A minha geração aprendeu que o ensino público e gratuito provido pelo Estado estava falido. Aquilo que havia sido a joia e o orgulho da geração anterior, a dos meus pais, era coisa do passado. Apenas quem não tinha dinheiro ou talento, quem não queria novamente repetir de ano ou não estava a fim de estudar, "ia para o Estado". A conversa era apenas em que colégio particular você iria ter mais chance de ter uma boa formação e em qual você tinha mais chance de passar no vestibular.
E então, o que vinha a ser mais um golpe, inevitável e melancólico, ao legado do ensino público - o mal disfarçado eufemismo reorganizatório (rumo ao fim do direito ao ensino, na sanha privatizante) - encontrou resistência. Começaram algumas ocupações, realizadas pelos jovens e pelas jovens estudantes secundaristas - ocupações que a imprensa teimava em colocar em suspeita, numa nojenta e tosca tentativa de criminalização, ao invés de louvar o espírito de luta e a recusa da dor de uma vida em constante resignação, tão esperada e certa para esta geração.
Essas ocupações logo multiplicaram-se. Começamos a prestar atenção, admirados com o idealismo destes estudantes. E essa admiração começou a virar orgulho, destas pessoas e sua crença de que algo valia a pena ser defendido.
Logo veio a repressão. As manobras, as chantagens, a tentativa de desmobilizar quem só ficou mais convicto da justeza de sua peleja. Aulas públicas foram organizadas, doações de alimentos foram realizadas, para que estes estudantes tivessem algum apoio em suas ocupações. Mas o protagonismo foi sempre destes e destas adolescentes. E era assim que devia ser. E o sacrifício também foi deles, mas também a nobreza. Recusaram o partidarismo, a cooptação dos movimentos já engessados em suas visões viciadas. Mantiveram como bandeira a defesa por uma educação mais digna e a possibilidade de continuar estudando onde têm direito de assim o fazer. E isso mais do que bastava.
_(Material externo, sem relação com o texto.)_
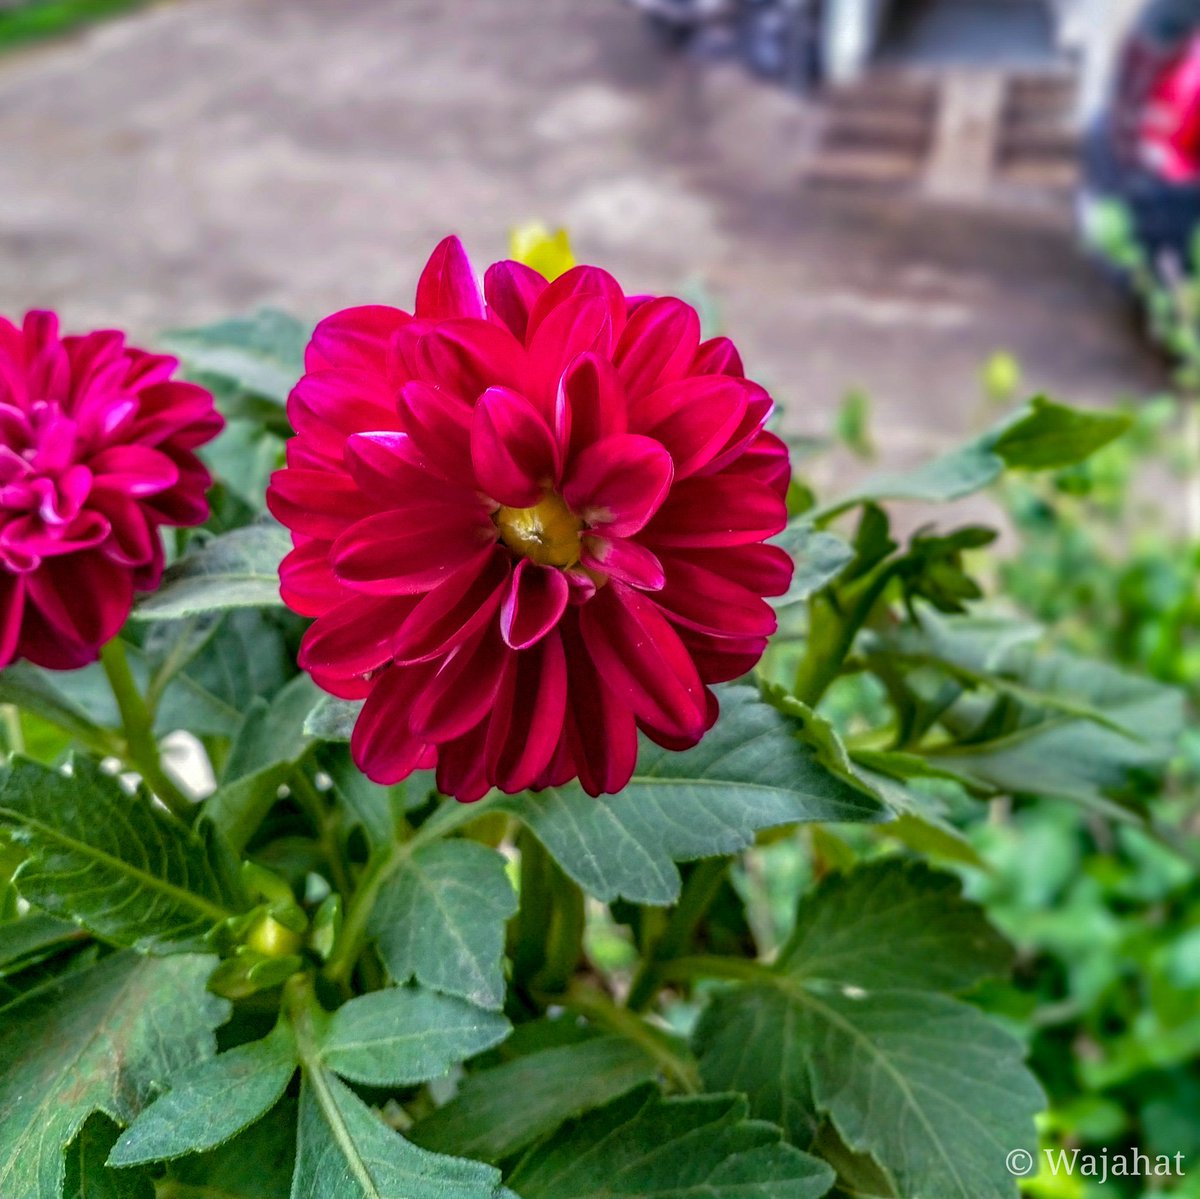 || Fresh flowers || 

#ShotOnNokia #Nokia8 #SwitchOnTheSunshine #nature #Flowers #growyourown @nothinbutanokia @pickit @TheLumians @NokiamobileIN @Nokiamobile @MobilePhotoBlog @NokiamobBlog @mynokiablog @Lightroom #Rains #BeautyAllAround #India

O país pegava fogo. Em Minas, escorremos rumo ao Espírito Santo, correndo incrédulos e dilacerados rumo ao mar. Mas também em revoltas em condições bárbaras no cárcere nordestino. Em genocídios da juventude negra na cidade bonita. No machismo endêmico e assassino. Em revanchismos egoístas e irresponsáveis de um bandido com diploma e mandato. E o governo do estado ressecado e murcho, sedento e indiferente, anestesiado e doente, quis engrossar a voz e colocar a molecada no seu lugar. Quebrou a cara. A cada cena das atrocidades cometidas contra os jovens a vontade apenas intensificava.
Falaram "mas e as reposições? E o perigo do teor político do movimento?" Eu tenho certeza de que estes meninos e estas meninas aprenderam muito mais do que a bonita derivada e a nobre gramática. Aprenderam a boa política. E nós, aprendemos alguma coisa juntos - inclusive a sermos menos cínicos e podermos de novo nos permitir maravilhar.
O governo que resolveu recuar, mas que tentou ser malandro deixando a possibilidade de retomar os planos eufemísticos, pode se livrar, novamente. É provável, aliás, que isso aconteça. Como tem acontecido, incrivelmente e quase incompreensivelmente, nos últimos anos. Mas como todo autoritarismo, este carece de inteligência. Não percebe que aquilo que o constitui é o que o torna abjeto e é o que o destituirá eventualmente.
Pois uma geração de gente muito melhor do que a minha acaba de nascer. E podemos ter alguma esperança novamente. Em um futuro em que os que hoje odeiam irão, aos poucos, sendo colocado de lado. Em que passem como nada mais do que uma memória incômoda e um tanto embaraçosa.
E mesmo um futuro em que aqueles que, como eu, acreditavam que as coisas estavam fadadas - como estava fadado, o ensino público e gratuito, à miséria e à mediocridade -, fadadas a algo, a qualquer coisa, redescubram alguma coisa para chorar emocionados.